The bundling of Microsoft Windows is the installation of Microsoft Windows on computers before their purchase. Microsoft encourages original equipment manufacturers (OEMs) of personal computers to include Windows licenses, OEM software (including bloatware) and OEM drivers with their products, and agreements between Microsoft and OEMs have undergone antitrust scrutiny. Users opposed to the bundling of Microsoft Windows, including Linux users, have sought refunds for Windows licenses, arguing that the Windows end-user license agreement entitles them to return unused Windows licenses for a cash refund. Although some customers have successfully obtained payments (in some cases after litigation or lengthy negotiations), others have been less successful.

==The "Windows tax"==
Microsoft encourages original equipment manufacturers (OEMs) to supply computers with Windows pre-installed, saying that purchasers benefit by not having to install an operating system. Analyst Vishal Tripathi said that many people purchase PCs with pre-installed operating systems because they do not want to deal with the "learning curve" and inconvenience of installing an operating system. Virtually all large computer vendors bundle Microsoft Windows with the majority of the personal computers in their ranges. In 1999, Maximum PC wrote that non-Windows users "have long griped that machines from large companies can't be purchased without Windows". In 1999, analyst Rob Enderle attributed the lack of computers without Windows available for individual purchase to economic impracticality, citing certification and warranty requirements. In 1999, Dell stated that it only offered non-Microsoft operating systems on servers and as part of customized large orders, but if Linux became popular enough to make Linux pre-installation cost-effective, "we'd be foolish not to offer it". The Guardians computer editor Jack Schofield claimed that there were significant cost overheads associated with preinstalling Linux, in part due to Linux's small market share, although Schofield had generally viewed Microsoft's bundling practices favourably, claiming in 1995 that Microsoft's incentives were not unlike promotional deals in other industries and that "Microsoft cannot be accused of beating PC manufacturers with a stick: at worst it is beating them with a carrot", despite the well-established competitive impact of such practices on suppliers of competing systems software, acknowledged in a 1994 settlement with Novell. Serdar Yegulalp of Computerworld said that in the late 1990s, because Linux was not fully developed, Linux computers were "a tough sell for non-technical users".
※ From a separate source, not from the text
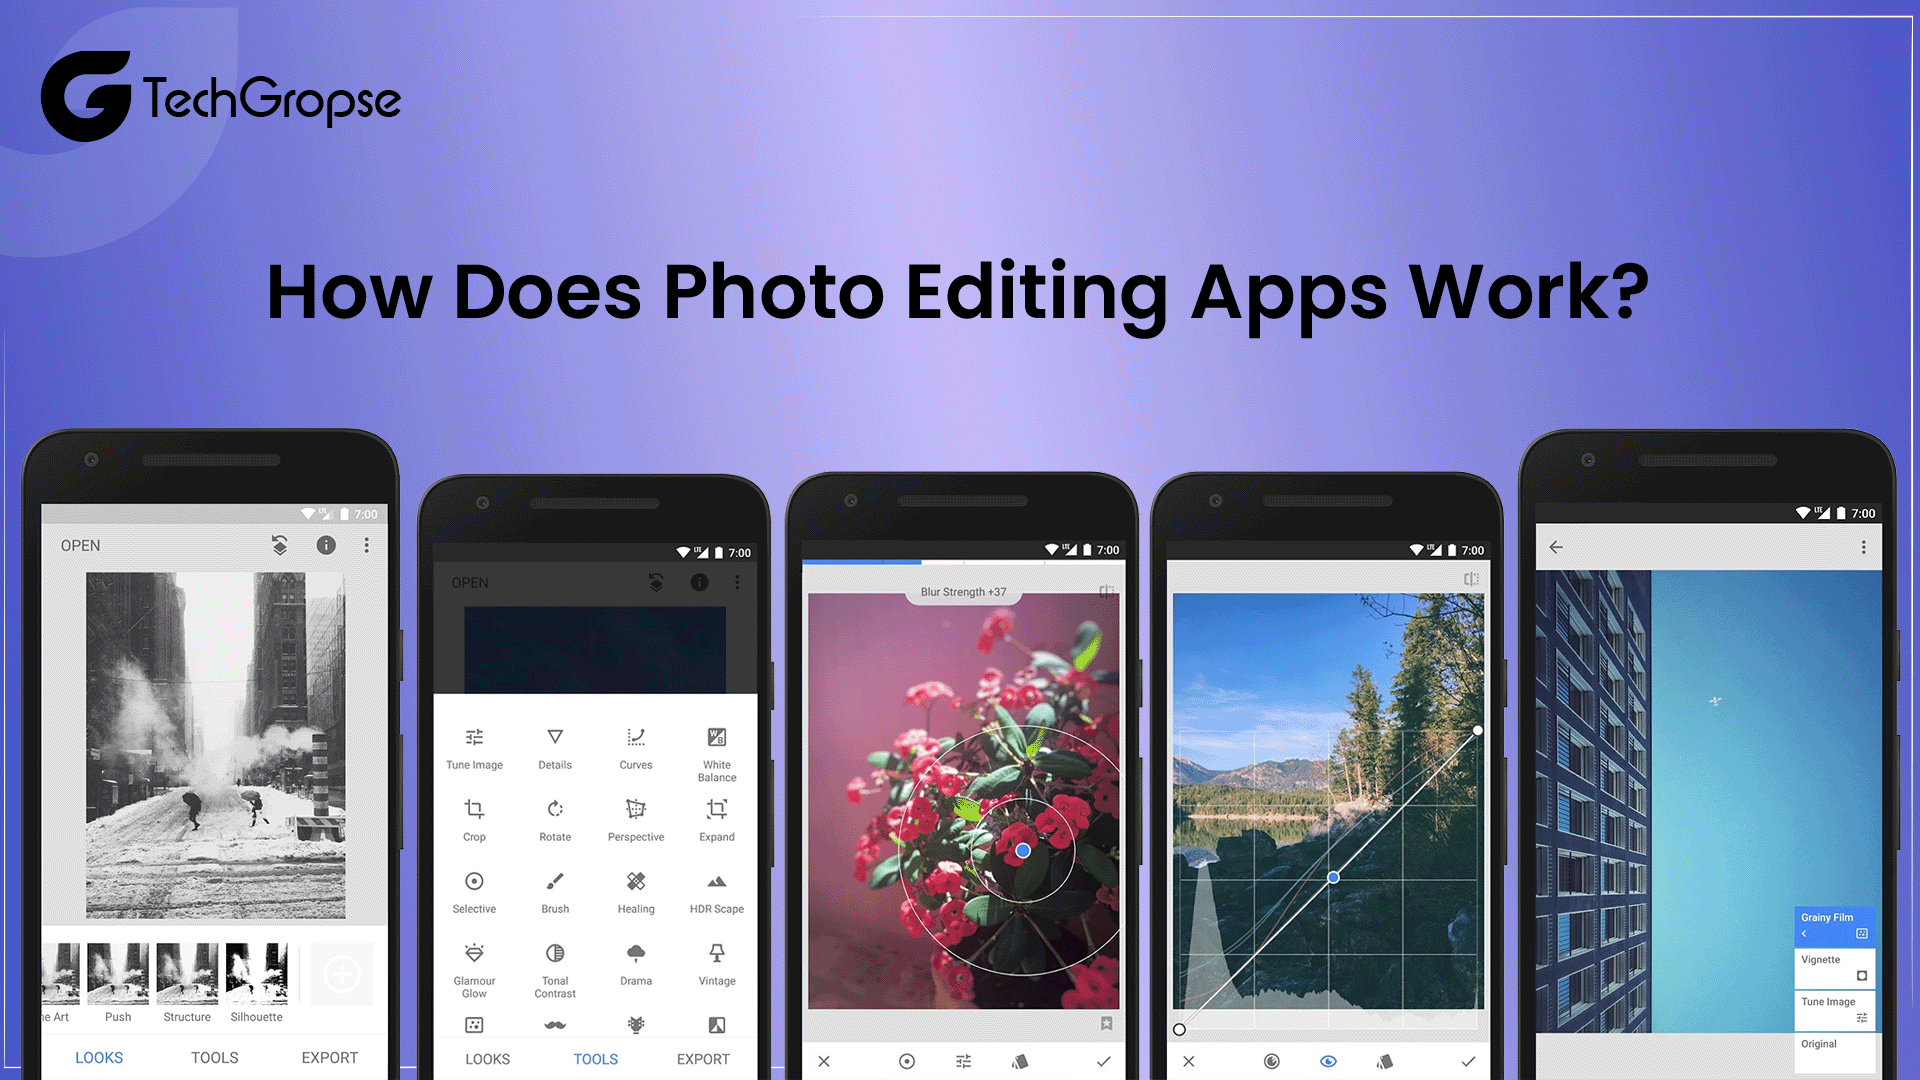 How Does Photo Editing Apps Work?

Microsoft historically engaged in licensing practices that discouraged the installation of non-Microsoft operating systems. Microsoft once assessed license fees based on the number of computers an OEM sold, regardless of whether a Windows license was included. Beginning in 1983, Microsoft sold MS-DOS licenses to OEMs on an individually negotiated basis. The contracts required OEMs to purchase a number of MS-DOS licenses equal to or greater than the number of computers sold, with the result of zero marginal cost for OEMs to include MS-DOS. Installing an operating system other than MS-DOS would effectively require double payment of operating system royalties. Also, Microsoft penalized OEMs that installed alternative operating systems by making their license terms less favorable. Microsoft entered into a consent decree in 1994 that barred them from conditioning the availability of Windows licenses or varying their prices based on whether OEMs distributed other operating systems. Microsoft General Counsel Brad Smith said that the decree was effective in allowing Dell and HP to offer Linux computers, and Jeremy Reimer of Ars Technica stated that the decree made it "fiscally realistic to sell computers with alternative operating systems". In 1999, a Microsoft representative stated that their contracts with OEMs did not "stop any OEM from shipping any operating system on their PCs". In 2010, Microsoft stated that its agreements with OEMs to distribute Windows are nonexclusive, and OEMs are free to distribute computers with a different operating system or without any operating system. In a 2001 article in Byte, it was reported that license agreements between OEMs and Microsoft forbade OEMs from including Windows alongside another operating system on the same computer. According to a 1999 New York Times article, "critics assert that the company continues to use its market clout to ensure that nearly all new personal computers come with Windows pre-installed."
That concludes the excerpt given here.